A modular and extensible multi-object tracking system that supports various detection and tracking algorithms. This system provides a complete pipeline for video processing, object detection, tracking, and visualization.

Features

Modular Architecture: Easily swap between different components (preprocessors, detectors, trackers, post-processors)
Multiple Detection Models:
- YOLOv8
- RT-DETR
- Grounding DINO
Multiple Tracking Algorithms:
- ByteTrack
- DeepSORT
Advanced Video Processing:
- Adaptive frame sampling
- Scene change detection
- Temporal smoothing
- Batch processing support
Visualization Tools: Built-in tools for visualizing detections and tracks
Configuration System: Flexible configuration system with defaults and easy overrides
Performance Optimized: Support for GPU acceleration and batch processing

Installation

# Clone the repository
git clone https://github.com/DanBenAmi/tracking_system.git
cd tracking_system

# Install dependencies
pip install -r requirements.txt

Quick Start

There are two main ways to run the tracking pipeline:

1. Using main.py (Recommended)

The easiest way to run the system is through main.py, which uses predefined configurations:

python main.py

The pipeline behavior is controlled through configurations in configs/run_configs.py.
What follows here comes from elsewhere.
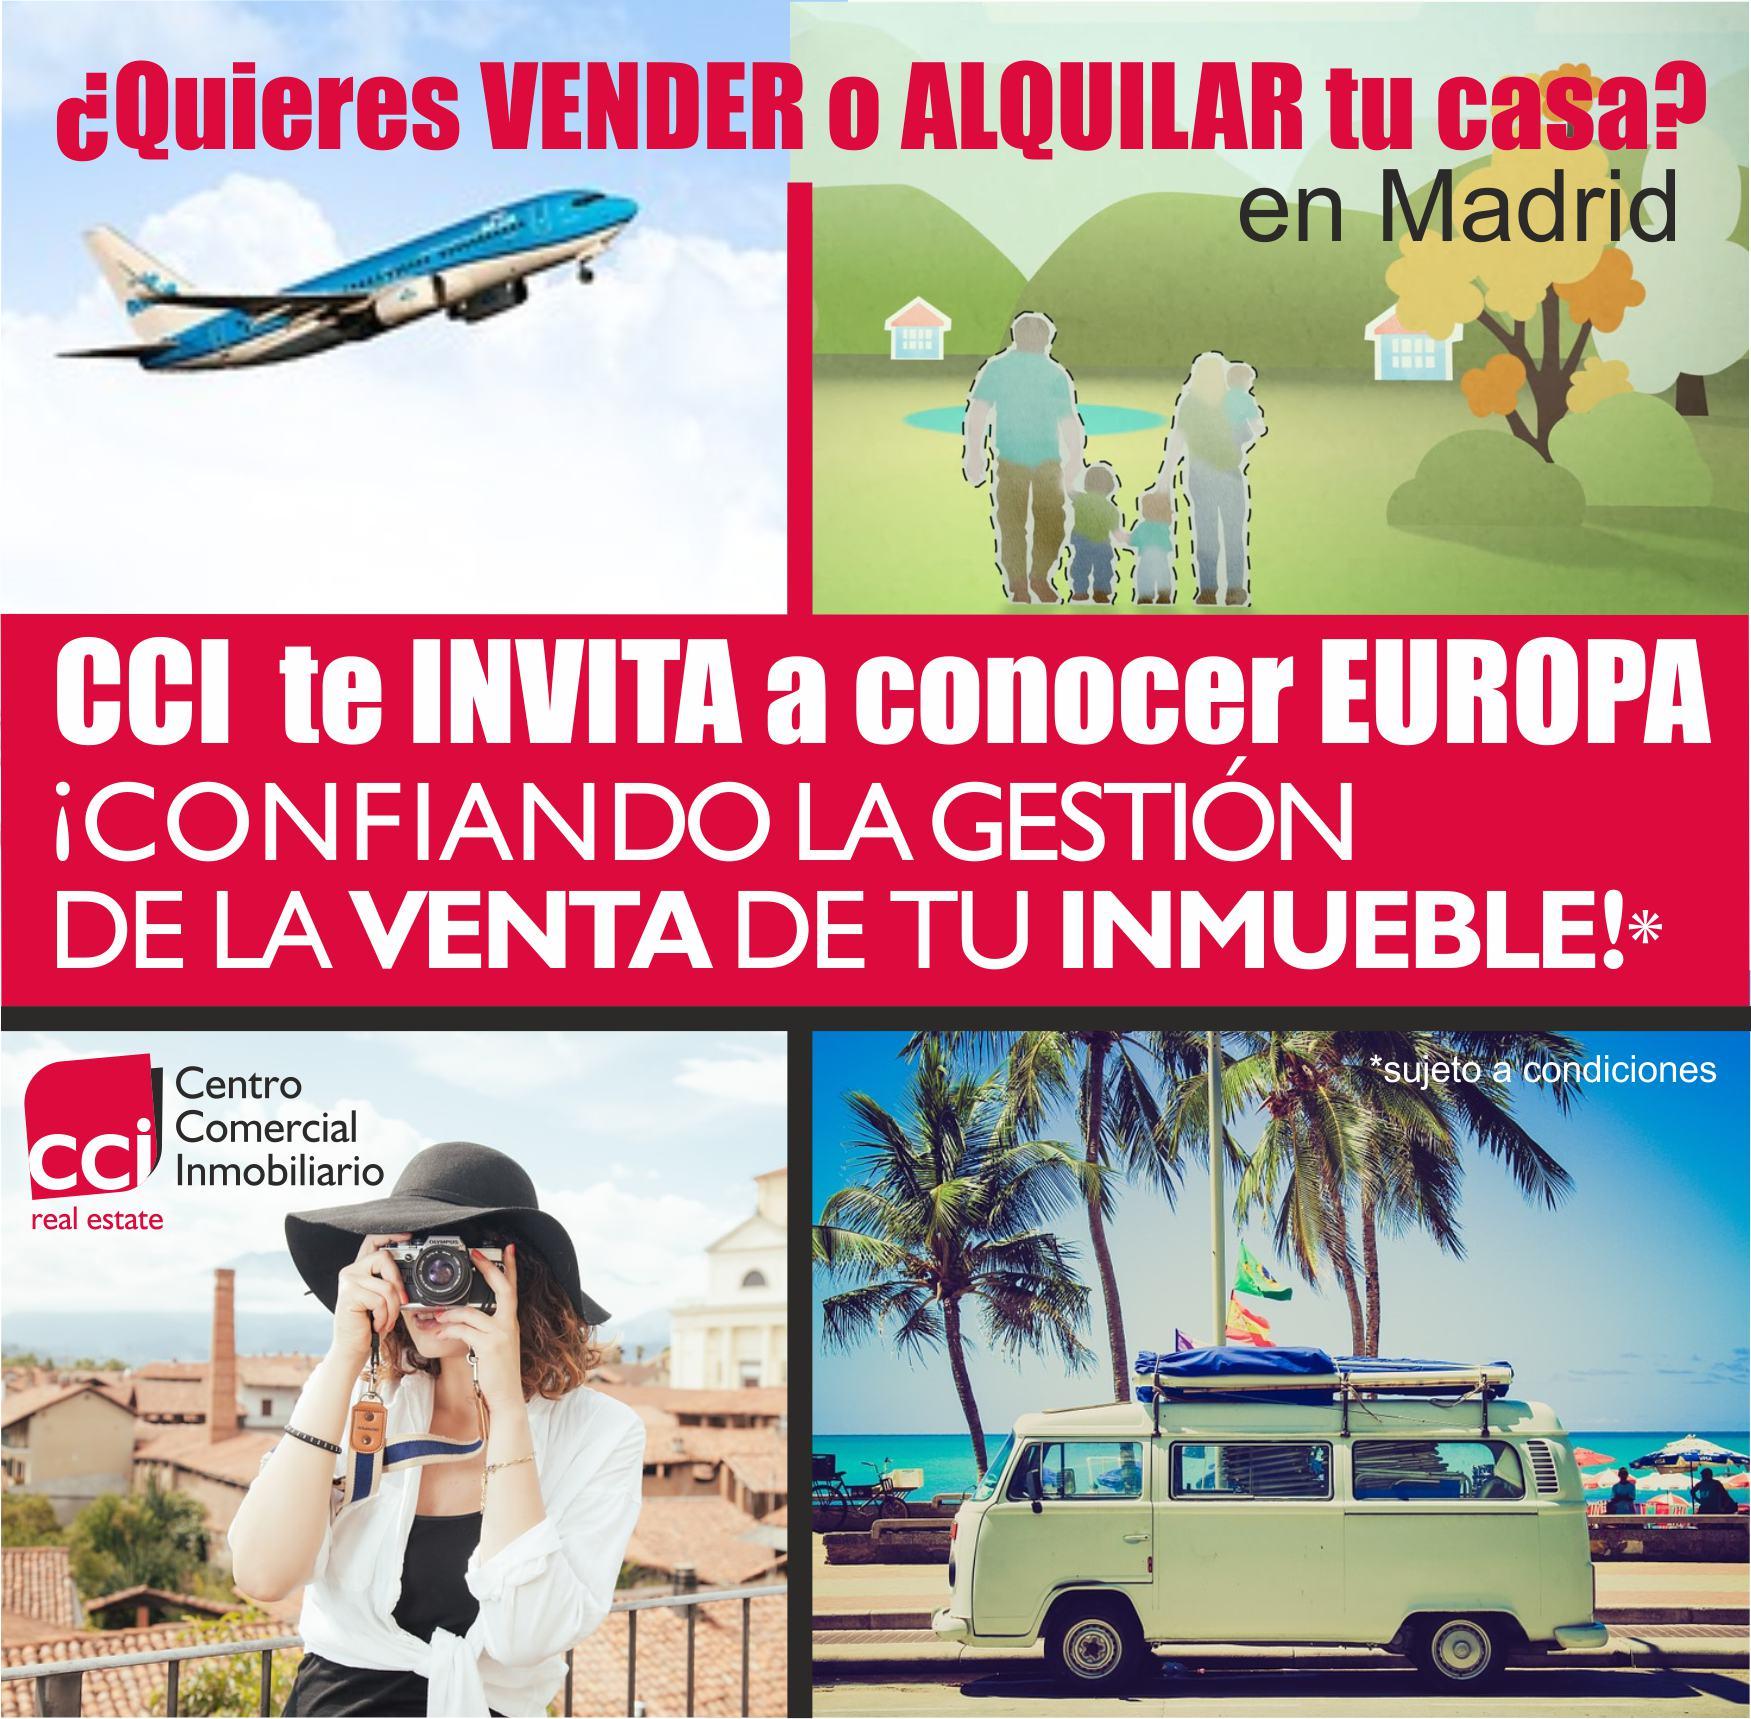 viaja a Europa con CCI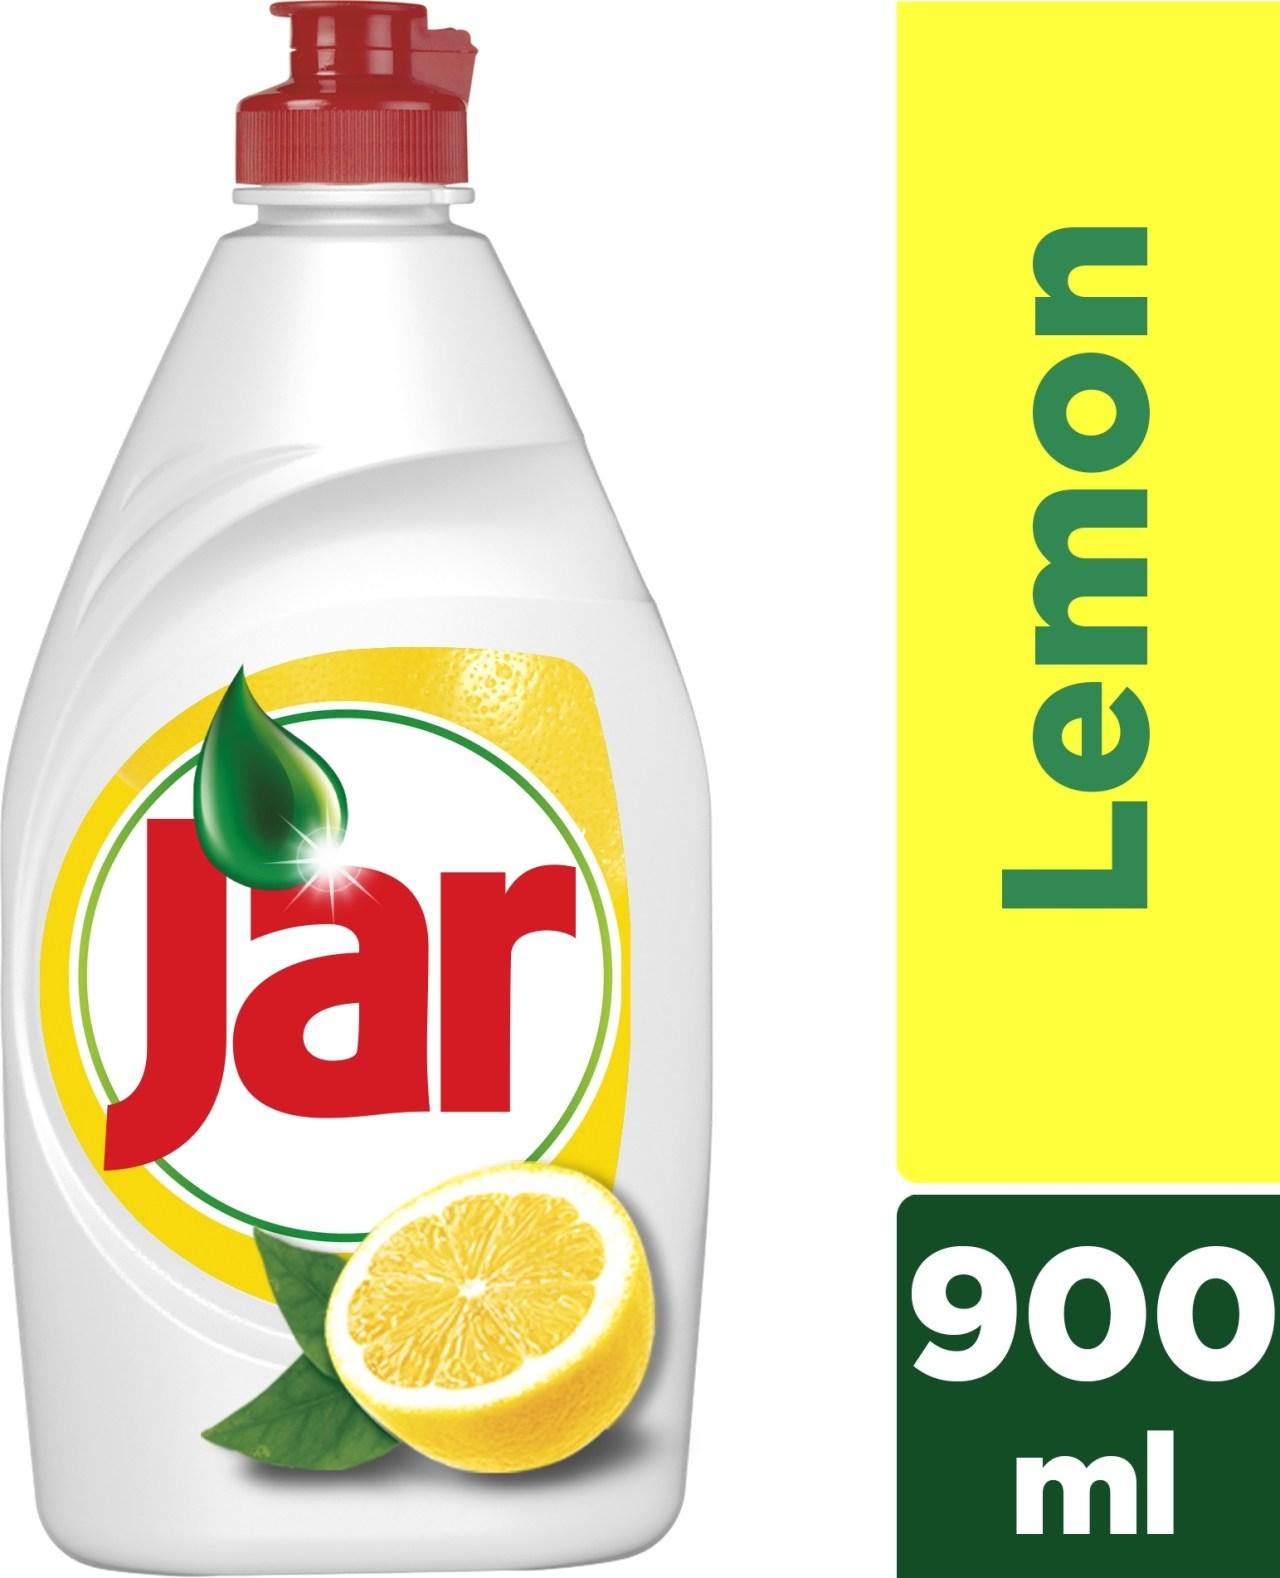 Procter   Gamble Jar 900ml od 1 87219be87af

Here are the key configuration sections:

# Basic video processing settings
VIDEO_CONFIG = {
    "video_path": "path/to/your/video.mp4",
    "start_time": 180,  # Start processing from 3 minutes
    "end_time": 240    # Process until 4 minutes
}

# Visualization settings
VISUALIZATION_CONFIG = {
    "show_detections": False,  # Show detection boxes
    "show_tracks": True,      # Show tracking results
    "tracks_vis_params": {
        "display": True,      # Show visualization window
        "keep_size": False,   # Maintain original video size
        "frame_delay": 1/10,  # Playback speed
        "save_video": True,   # Save output video
        "output_video_suffix": "_visualized.mp4"
    }
}

# Output settings
OUTPUT_CONFIG = {
    "save_tracks": True,
    "tracks_format": "pickle",  # Options: pickle, json, yaml
    "output_dir": "output",
    "save_original_frames": True
}

2. Using the API (For Custom Integration)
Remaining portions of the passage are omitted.